The extent of Kato's argument before the trial court and Seventh Circuit is as follows: "All revenues paid [or payable] to Roboserve from the use of its bars at HRC after January 1, 1994 [or March 1, 1993] [ought to] be set-off against the verdict." (Pl.'s Opposition to Def.'s Am. Mot. to Set Amount to be Paid in Satisfaction of Judgment on Wrongful Termination Claim Ex. B at 11; Ex. C at 24.)
In the earlier proceedings, Kato did not base its short and unsupported argument on Rule 60(b), and it did not set forth the nature or extent of its payments to Roboserve subsequent to the judgment or explain why these payments should be set off against the judgment. Thus, Kato did not present to the courts in the earlier proceedings the same issue it now raises before this court. Consequently, this court does not find that the trial court or Seventh Circuit "by necessary implication" decided the issue, raised so cursorily before those courts, that is now before this court. Accordingly, the court rejects Roboserve's argument that the "law of the case" doctrine bars the partial relief from judgment that Kato seeks.
Roboserve also contends that the post-judgment payments made to Roboserve by Kato were for the use of the Robobars remaining at HRC, and not for payment on the judgment. Roboserve argues that Kato wrongfully terminated the concession agreement with Roboserve, and did not cure its breach or return the Robobars to Roboserve after termination.

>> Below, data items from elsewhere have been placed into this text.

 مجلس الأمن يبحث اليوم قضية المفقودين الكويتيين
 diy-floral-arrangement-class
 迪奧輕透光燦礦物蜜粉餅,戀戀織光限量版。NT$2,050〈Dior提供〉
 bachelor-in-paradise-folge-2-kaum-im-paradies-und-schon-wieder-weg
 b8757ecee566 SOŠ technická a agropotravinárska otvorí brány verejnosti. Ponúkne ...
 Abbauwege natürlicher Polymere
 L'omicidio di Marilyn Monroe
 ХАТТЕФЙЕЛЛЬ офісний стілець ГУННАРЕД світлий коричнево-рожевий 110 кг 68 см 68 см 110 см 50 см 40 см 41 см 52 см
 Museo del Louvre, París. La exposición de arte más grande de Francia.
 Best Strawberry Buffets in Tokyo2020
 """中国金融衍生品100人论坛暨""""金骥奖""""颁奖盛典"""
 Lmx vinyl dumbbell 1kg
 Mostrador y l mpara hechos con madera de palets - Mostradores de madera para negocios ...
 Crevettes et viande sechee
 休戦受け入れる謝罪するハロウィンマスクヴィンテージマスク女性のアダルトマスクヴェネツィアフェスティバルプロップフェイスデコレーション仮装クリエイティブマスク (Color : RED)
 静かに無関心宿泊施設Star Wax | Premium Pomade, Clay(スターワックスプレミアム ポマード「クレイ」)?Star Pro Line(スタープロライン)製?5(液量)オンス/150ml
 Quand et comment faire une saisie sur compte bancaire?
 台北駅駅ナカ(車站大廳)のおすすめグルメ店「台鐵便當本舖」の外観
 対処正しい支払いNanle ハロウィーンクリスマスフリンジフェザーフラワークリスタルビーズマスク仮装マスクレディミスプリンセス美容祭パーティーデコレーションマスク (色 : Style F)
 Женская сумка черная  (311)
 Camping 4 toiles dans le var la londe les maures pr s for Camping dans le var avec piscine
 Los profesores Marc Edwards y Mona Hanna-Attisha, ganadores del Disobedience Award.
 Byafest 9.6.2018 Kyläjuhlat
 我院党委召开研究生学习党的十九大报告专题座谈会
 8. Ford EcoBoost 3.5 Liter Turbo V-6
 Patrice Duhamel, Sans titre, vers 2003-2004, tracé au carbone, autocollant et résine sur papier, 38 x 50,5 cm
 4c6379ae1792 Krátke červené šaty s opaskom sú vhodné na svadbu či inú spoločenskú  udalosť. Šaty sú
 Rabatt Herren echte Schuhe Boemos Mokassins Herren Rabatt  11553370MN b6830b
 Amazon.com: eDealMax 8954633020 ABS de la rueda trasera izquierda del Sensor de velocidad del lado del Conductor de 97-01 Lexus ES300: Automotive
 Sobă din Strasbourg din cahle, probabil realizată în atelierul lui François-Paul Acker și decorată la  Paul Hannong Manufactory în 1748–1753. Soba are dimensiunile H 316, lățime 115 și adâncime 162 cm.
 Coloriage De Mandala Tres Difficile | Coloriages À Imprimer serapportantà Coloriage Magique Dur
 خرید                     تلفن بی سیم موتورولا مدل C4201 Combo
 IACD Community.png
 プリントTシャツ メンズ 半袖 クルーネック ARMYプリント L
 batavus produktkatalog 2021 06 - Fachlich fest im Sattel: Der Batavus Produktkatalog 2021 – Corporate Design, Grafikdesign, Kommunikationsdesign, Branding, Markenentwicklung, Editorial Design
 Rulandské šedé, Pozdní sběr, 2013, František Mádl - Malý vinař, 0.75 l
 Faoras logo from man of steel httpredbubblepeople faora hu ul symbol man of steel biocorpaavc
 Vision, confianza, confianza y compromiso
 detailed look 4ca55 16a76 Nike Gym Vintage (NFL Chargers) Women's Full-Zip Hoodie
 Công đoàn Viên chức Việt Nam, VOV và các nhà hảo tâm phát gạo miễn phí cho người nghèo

Rather, Kato continued to use and enjoy the benefits of the Robobar system and pay Roboserve what it thought was owed for the use of the Robobars. Thus, the payments that Kato made to Roboserve were simply for Kato's continued use of the Robobars still installed at HRC; they were not payments pursuant to the concession agreement, which had been terminated, and not payments on the judgment.
It appears to the court that Roboserve is making a false distinction between the nature of the judgment and the nature of the post-judgment payments from Kato. According to Kato, the damage award of $ 722,500 on the wrongful termination claim represented the present value of amounts to be paid to Roboserve by Kato under the concession agreement for a five-year period following the termination of the concession agreement. Roboserve does not contest this description of the nature of the damages award.
However, rather than treat the wrongful termination for what it was -- the end of both the concession agreement and the parties' business relationship under the concession agreement -- both Kato and Roboserve treated the concession agreement as if it were at least partially still in force. While Kato did not return the Robobars to Roboserve upon termination of the concession agreement, Roboserve did not seek return of the Robobars. And while Kato continued to use the Robobars and pay concessions to Roboserve pursuant to paragraph 2(2) of the concession agreement, Roboserve accepted the payments for more than two and a half years.